Ist dies möglich oder ist das zu "hardwarenah" für Java? Eigentlich müsste es jedoch funktionieren, da ja der JFileChooser auch auf diese Pfade zugreifen kann. 

Ching-Lau

PS: Eigentlich suche ich eine Methode, die nach bestimmten Dateiendungen sucht oder alle Pfade zurückgibt.


----------



## agentone (25. Jun 2010)

File (Java 2 Platform SE v1.4.2)

Die Klasse java.io.File:
-> listRoots() gibt dir alle Laufwerke zurück
-> listFiles() gibt alle Dateien und Ordner die sich in einem bestimmten Laufwerk oder Ordner befinden zurück
-> für deine Zwecke bei listFiles einen FilenameFilter übergeben
-> isFile() gibt zurück, ob es sich um eine Datei handelt

Implementierung:
Eine rekursiv arbeitende Methode, der ein File-Objekt und ein Filter übergeben wird.

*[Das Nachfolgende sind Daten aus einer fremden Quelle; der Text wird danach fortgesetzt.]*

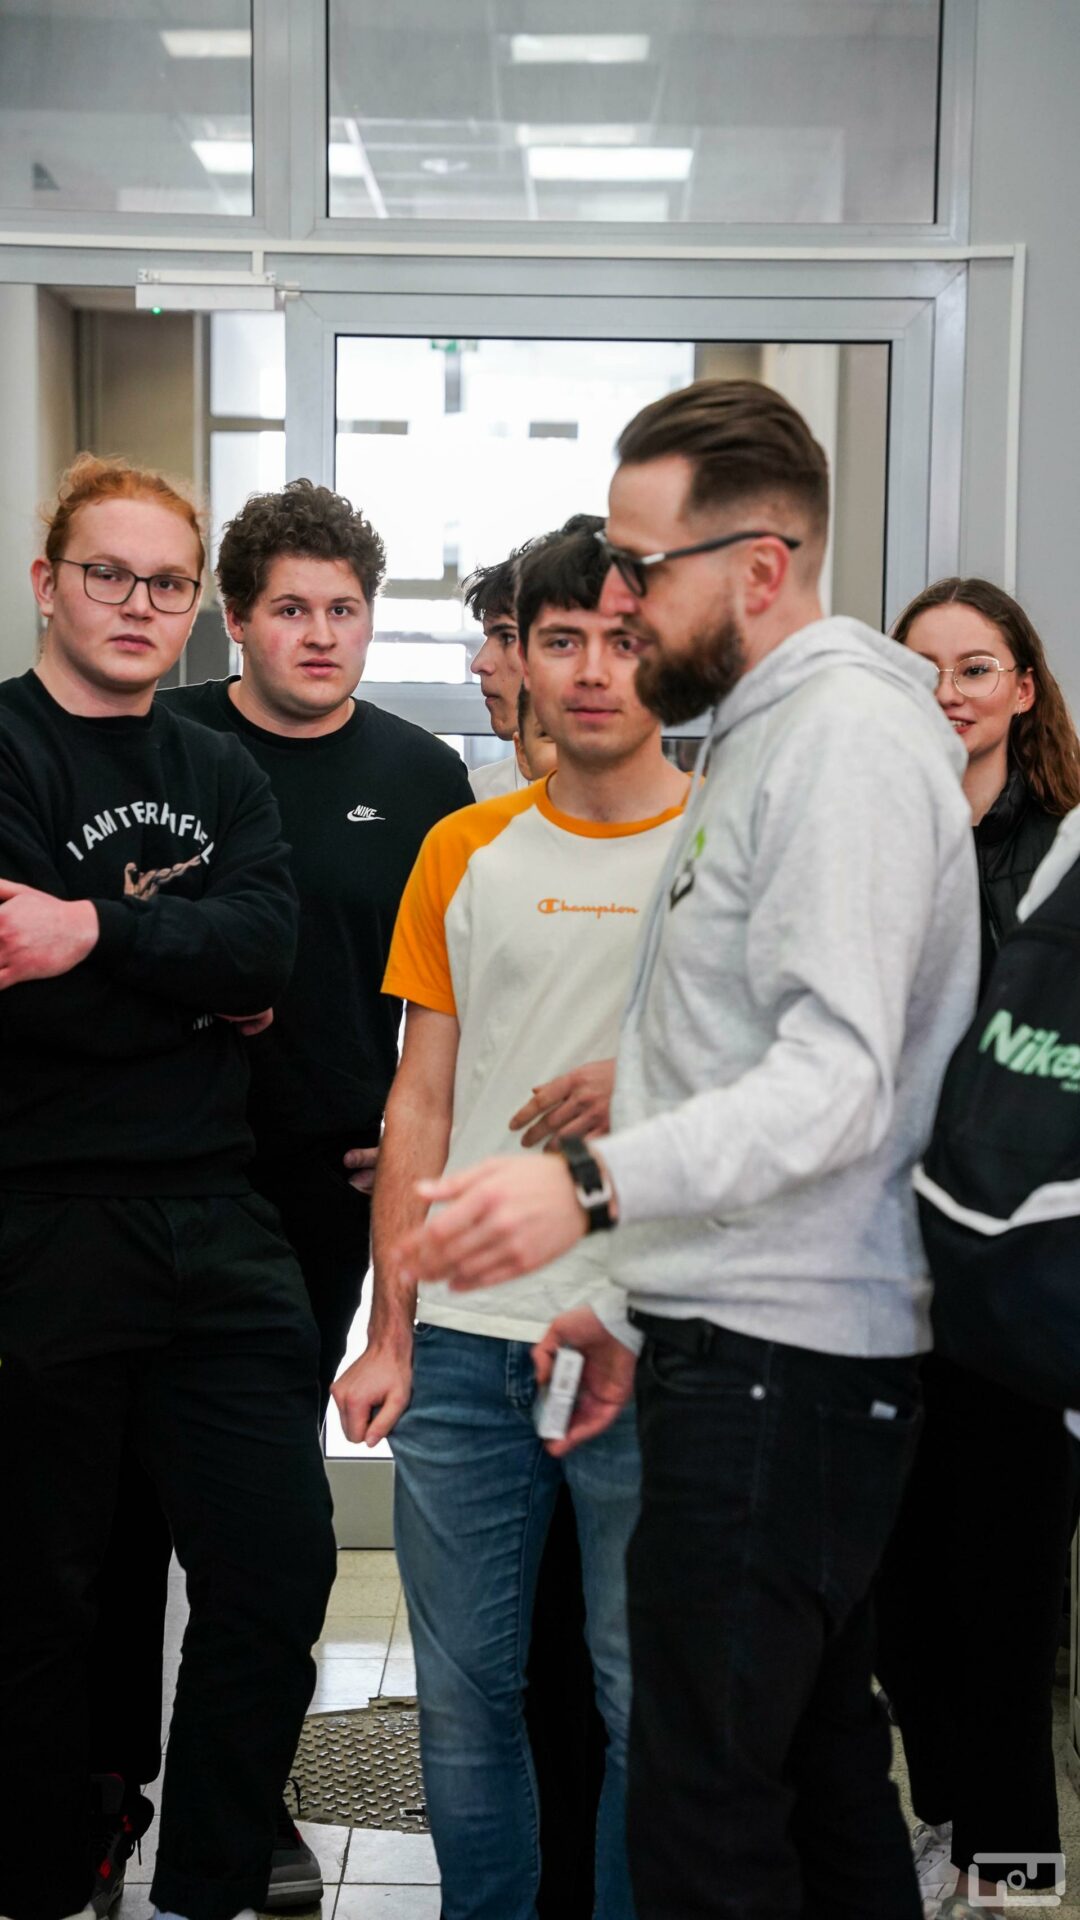 Na zdjęci u widać Michała Twardosza ubranego w szarą bluzę wydziałową który rozmawia z uczniami liceów i techników.
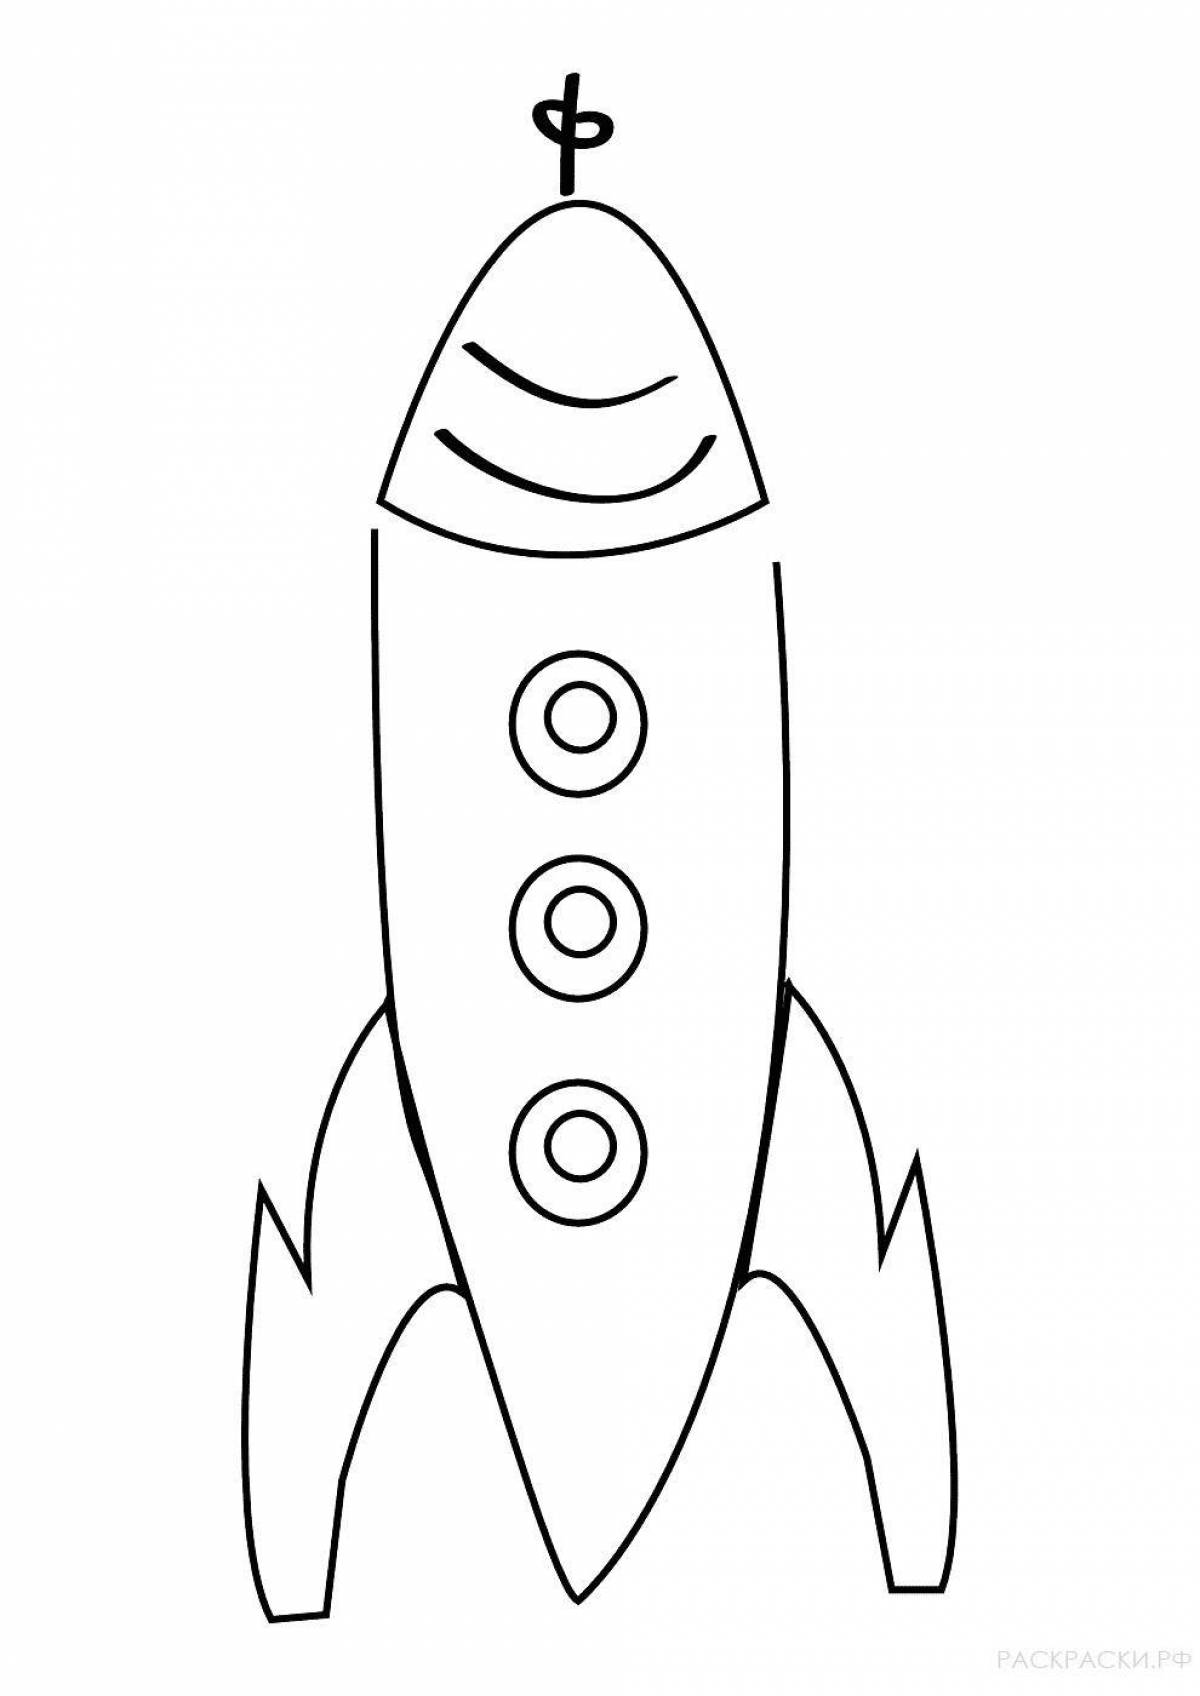 Fun rocket drawing for kids

Das File-Objekt ruft listFiles(filter) auf. u.s.w.


----------



## Ching-Lau (25. Jun 2010)

Danke genau das habe ich gesucht =)


----------



## Ching-Lau (25. Jun 2010)

Noch eine Frage: Ist es möglich alle Pfade einer Festplatte (z.B. D zu bekommen?? Oder muss man da dann jeden Ordner einzeln mit listFiles() durchgehen??


----------



## agentone (25. Jun 2010)

Direkt alle Pfade bekommen geht nicht. Du musst rekursiv arbeiten. Leider.


----------



## Ching-Lau (25. Jun 2010)

Mmmhhh das klingt kompliziert... Ich werds mal versuchen =)


----------



## Ching-Lau (25. Jun 2010)

Hi,

Ich habe jetzt mal angefangen und es klappt auch bis zu 2 Unterordner. Jedoch gehe ich jedes einzeln durch (Siehe Quellcode). Gibt es auch eine einfachere Methode, bei der man nicht alles für jeden Unterordner wiederhohlen muss?? Denn ich weiß ja nicht wie viele Unterordner es gibt... Sonst müsste ich es 100 mal wiederhohlen um auch wirklich alles abzudecken.

Hier der Quellcode:

[Java]

File allc[] = new File("C:/").listFiles();

		HashMap<Integer, String> all = new HashMap<Integer, String>();

		File moment = new File("C:/");

		int y = 0;

		for (int i = 0; i < allc.length; i++)
		{

			all.put(y, "" + allc_);

			y++;

			moment = allc;

			if (allc.length() != 0)
			{

				File moment2[] = moment.listFiles();

				if (moment2 != null)
				{

					for (int i2 = 0; i2 < moment2.length; i2++)
					{

						all.put(y, "" + moment2[i2]);

						y++;

						moment = moment2[i2];

						if (moment2[i2].length() != 0)
						{

							File moment3[] = moment.listFiles();

							if (moment3 != null)
							{

								for (int i3 = 0; i3 < moment3.length; i3++)
								{

									all.put(y, "" + moment3[i3]);

									y++;

									if (moment3[i3].length() != 0)
									{

										// System.out.println("end");

									}

								}

							}

						}

					}

				}

			}

		}

		for (int i = 0; i < all.size(); i++)
		{

			System.out.println(i + ": " + all.get(i));

			try
			{
				Thread.sleep(1);
			}
			catch (InterruptedException e)
			{
				e.printStackTrace();
			}

		}

[/code]_


----------



## agentone (25. Jun 2010)

Ich sagte doch: Arbeite rekursiv!
Rekursive Programmierung ? Wikipedia

So, oder so ähnlich kann das dann aussehen.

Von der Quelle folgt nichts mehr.